Entries taken from a collection:
-- Opening Marker --

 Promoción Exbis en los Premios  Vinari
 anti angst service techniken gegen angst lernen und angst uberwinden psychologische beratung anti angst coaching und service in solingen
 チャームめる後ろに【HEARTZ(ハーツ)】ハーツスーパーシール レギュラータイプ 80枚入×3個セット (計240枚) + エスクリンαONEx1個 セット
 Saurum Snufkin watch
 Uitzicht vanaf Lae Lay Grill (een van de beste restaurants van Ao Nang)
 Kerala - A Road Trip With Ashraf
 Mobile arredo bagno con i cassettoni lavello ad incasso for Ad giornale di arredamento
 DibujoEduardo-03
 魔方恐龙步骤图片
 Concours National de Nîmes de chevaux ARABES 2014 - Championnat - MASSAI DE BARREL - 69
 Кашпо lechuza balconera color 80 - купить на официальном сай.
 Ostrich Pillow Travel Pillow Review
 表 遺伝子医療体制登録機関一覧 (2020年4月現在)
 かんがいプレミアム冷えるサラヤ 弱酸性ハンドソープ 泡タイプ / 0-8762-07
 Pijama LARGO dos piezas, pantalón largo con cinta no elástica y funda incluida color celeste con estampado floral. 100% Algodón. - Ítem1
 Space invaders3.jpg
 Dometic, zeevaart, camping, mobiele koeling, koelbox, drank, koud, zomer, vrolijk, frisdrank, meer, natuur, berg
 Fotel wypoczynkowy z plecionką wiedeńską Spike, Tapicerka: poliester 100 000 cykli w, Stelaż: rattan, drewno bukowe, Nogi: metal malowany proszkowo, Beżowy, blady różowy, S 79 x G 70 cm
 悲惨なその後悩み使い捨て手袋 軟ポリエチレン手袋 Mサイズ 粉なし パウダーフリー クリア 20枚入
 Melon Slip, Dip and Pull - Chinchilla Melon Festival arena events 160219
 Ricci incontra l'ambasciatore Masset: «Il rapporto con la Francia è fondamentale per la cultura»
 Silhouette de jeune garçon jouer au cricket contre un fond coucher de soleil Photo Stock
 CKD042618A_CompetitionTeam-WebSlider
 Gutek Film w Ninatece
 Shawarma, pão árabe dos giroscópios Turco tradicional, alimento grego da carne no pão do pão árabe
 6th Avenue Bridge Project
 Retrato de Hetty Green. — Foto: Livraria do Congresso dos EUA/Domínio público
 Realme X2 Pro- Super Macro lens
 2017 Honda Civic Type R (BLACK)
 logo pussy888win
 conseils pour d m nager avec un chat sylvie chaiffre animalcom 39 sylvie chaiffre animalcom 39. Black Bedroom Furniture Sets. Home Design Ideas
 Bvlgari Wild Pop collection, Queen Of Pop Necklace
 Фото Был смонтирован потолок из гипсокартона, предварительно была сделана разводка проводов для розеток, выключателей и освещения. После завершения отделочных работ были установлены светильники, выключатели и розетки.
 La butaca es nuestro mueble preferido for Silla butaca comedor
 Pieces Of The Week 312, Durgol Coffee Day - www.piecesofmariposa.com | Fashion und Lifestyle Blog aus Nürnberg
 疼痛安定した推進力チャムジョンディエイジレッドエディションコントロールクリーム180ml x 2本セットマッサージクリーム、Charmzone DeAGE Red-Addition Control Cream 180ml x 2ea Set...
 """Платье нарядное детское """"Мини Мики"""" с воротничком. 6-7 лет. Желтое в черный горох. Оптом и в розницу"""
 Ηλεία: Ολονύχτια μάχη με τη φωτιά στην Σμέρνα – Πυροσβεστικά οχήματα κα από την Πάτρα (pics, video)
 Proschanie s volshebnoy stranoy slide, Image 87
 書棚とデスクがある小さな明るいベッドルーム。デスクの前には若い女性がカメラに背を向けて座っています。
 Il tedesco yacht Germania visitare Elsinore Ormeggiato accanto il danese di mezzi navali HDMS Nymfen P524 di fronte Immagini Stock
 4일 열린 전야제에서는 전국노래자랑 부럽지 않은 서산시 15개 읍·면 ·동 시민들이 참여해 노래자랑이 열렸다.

-- Closing Marker --

**TASK DETAILS:** Only the lines above from the one with "表 遺伝子医療体制登録機関一覧 (2020年4月現在)" through the one with "悲惨なその後悩み使い捨て手袋 軟ポリエチレン手袋 Mサイズ" should be duplicated, character for character.

**TASK RESPONSE:**
 表 遺伝子医療体制登録機関一覧 (2020年4月現在)
 かんがいプレミアム冷えるサラヤ 弱酸性ハンドソープ 泡タイプ / 0-8762-07
 Pijama LARGO dos piezas, pantalón largo con cinta no elástica y funda incluida color celeste con estampado floral. 100% Algodón. - Ítem1
 Space invaders3.jpg
 Dometic, zeevaart, camping, mobiele koeling, koelbox, drank, koud, zomer, vrolijk, frisdrank, meer, natuur, berg
 Fotel wypoczynkowy z plecionką wiedeńską Spike, Tapicerka: poliester 100 000 cykli w, Stelaż: rattan, drewno bukowe, Nogi: metal malowany proszkowo, Beżowy, blady różowy, S 79 x G 70 cm
 悲惨なその後悩み使い捨て手袋 軟ポリエチレン手袋 Mサイズ 粉なし パウダーフリー クリア 20枚入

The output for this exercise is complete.